#### STORED DATA:
- - -

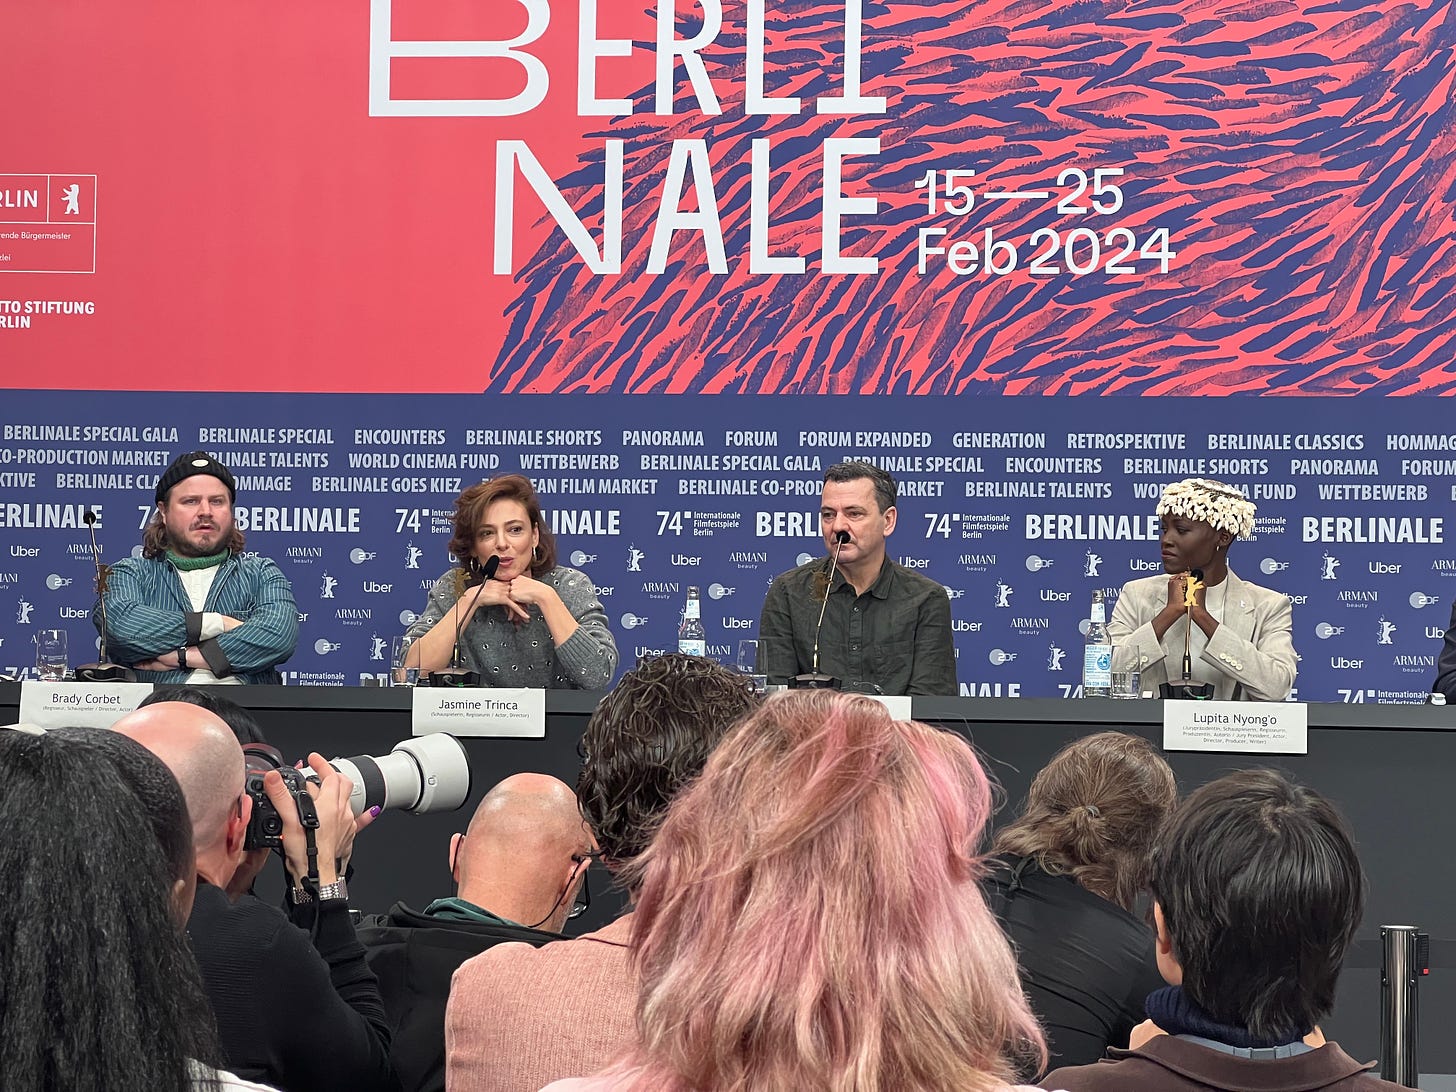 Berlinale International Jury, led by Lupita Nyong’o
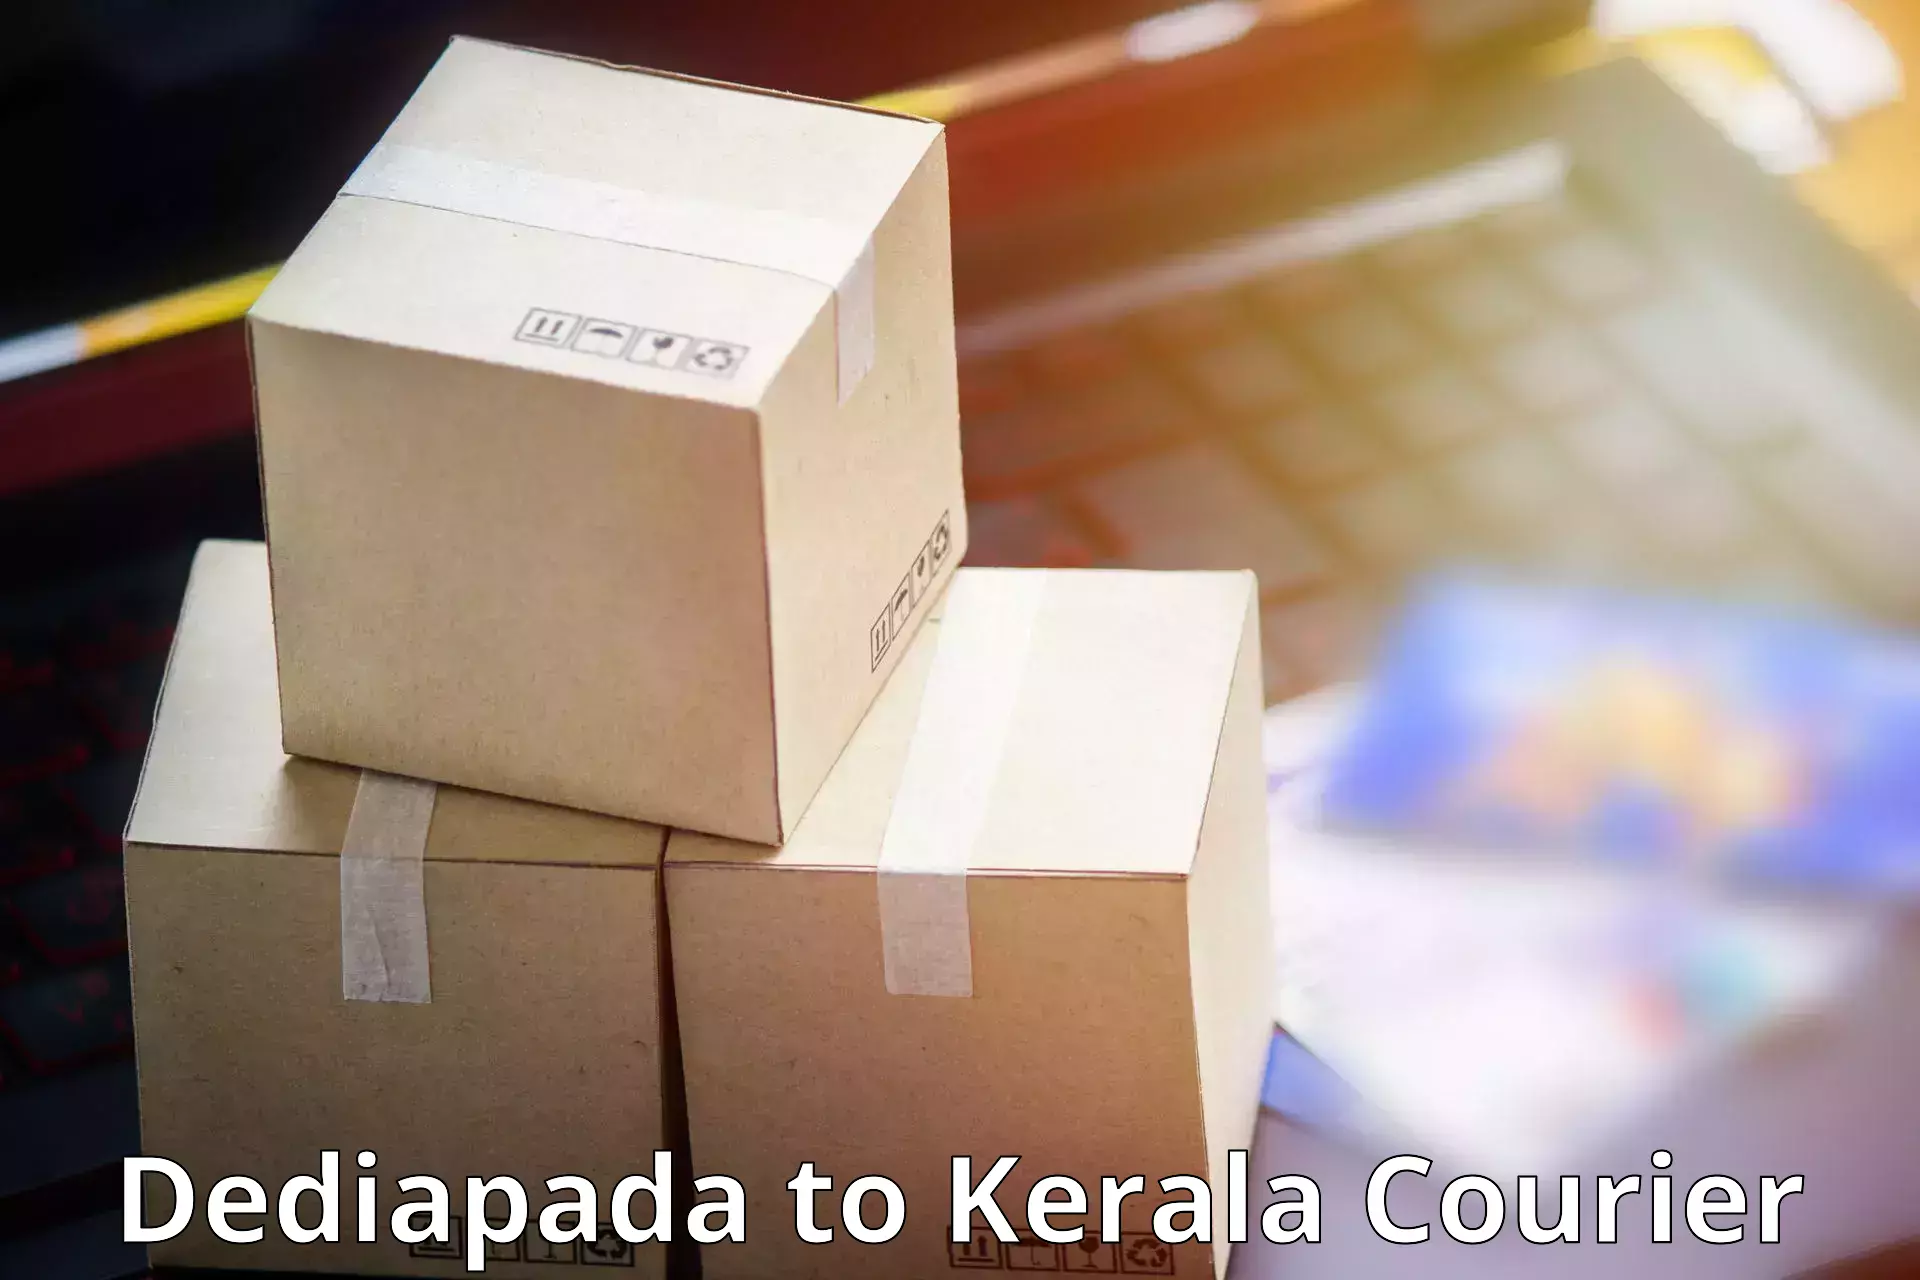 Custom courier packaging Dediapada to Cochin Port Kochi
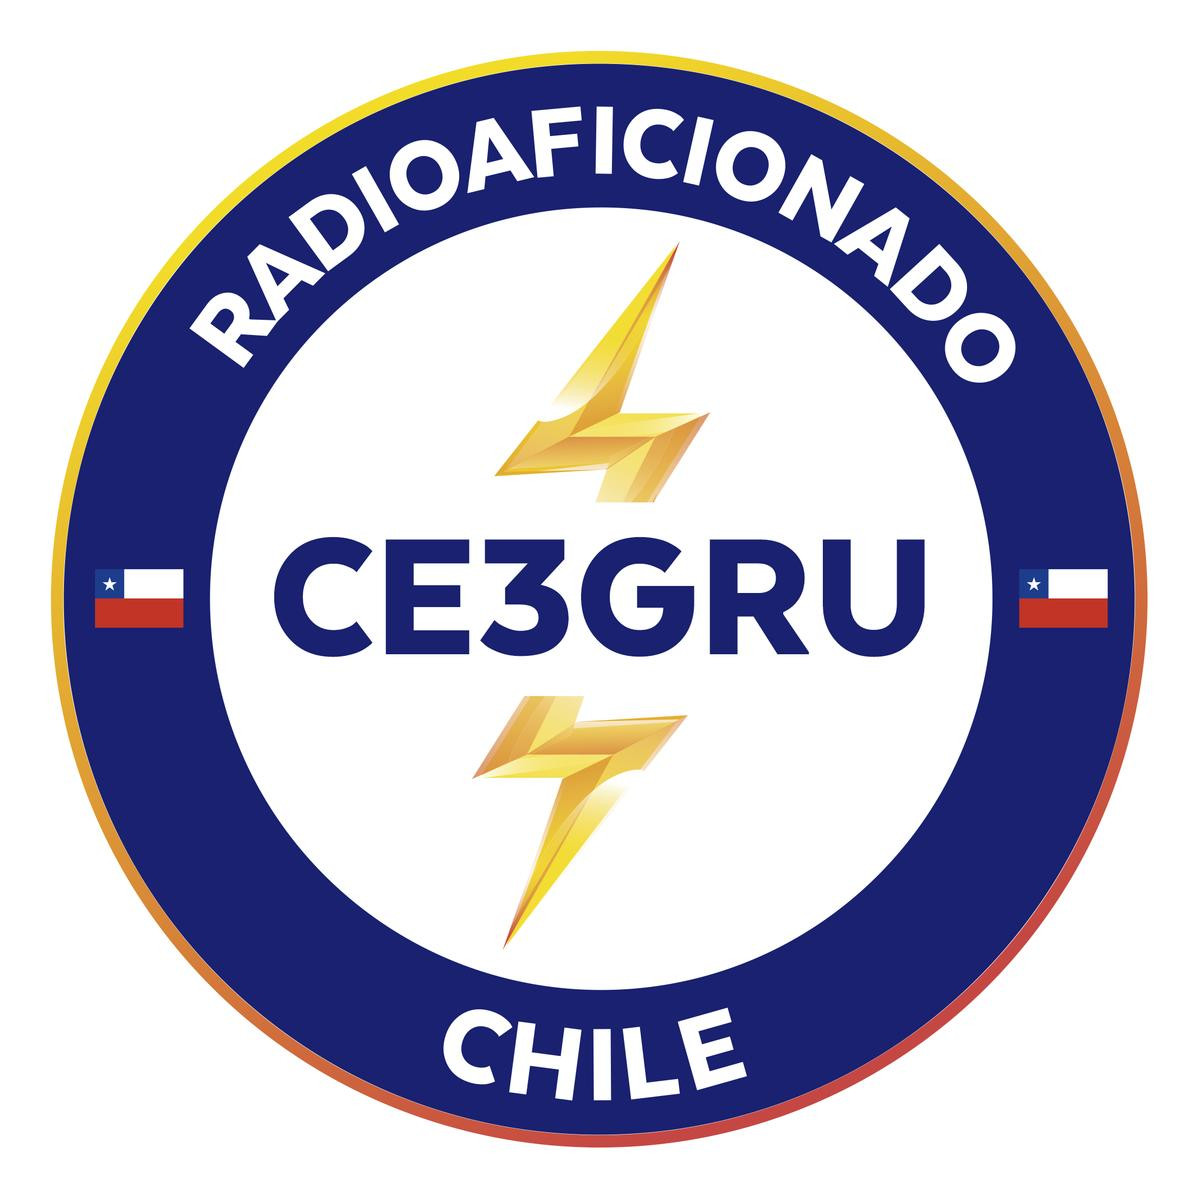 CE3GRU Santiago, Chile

- - -

#### TASK STATEMENT:
The expected result is the data above in exact form, free of pictures.

#### WRITTEN RESPONSE:
 Berlinale International Jury, led by Lupita Nyong’o
 Custom courier packaging Dediapada to Cochin Port Kochi
 CE3GRU Santiago, Chile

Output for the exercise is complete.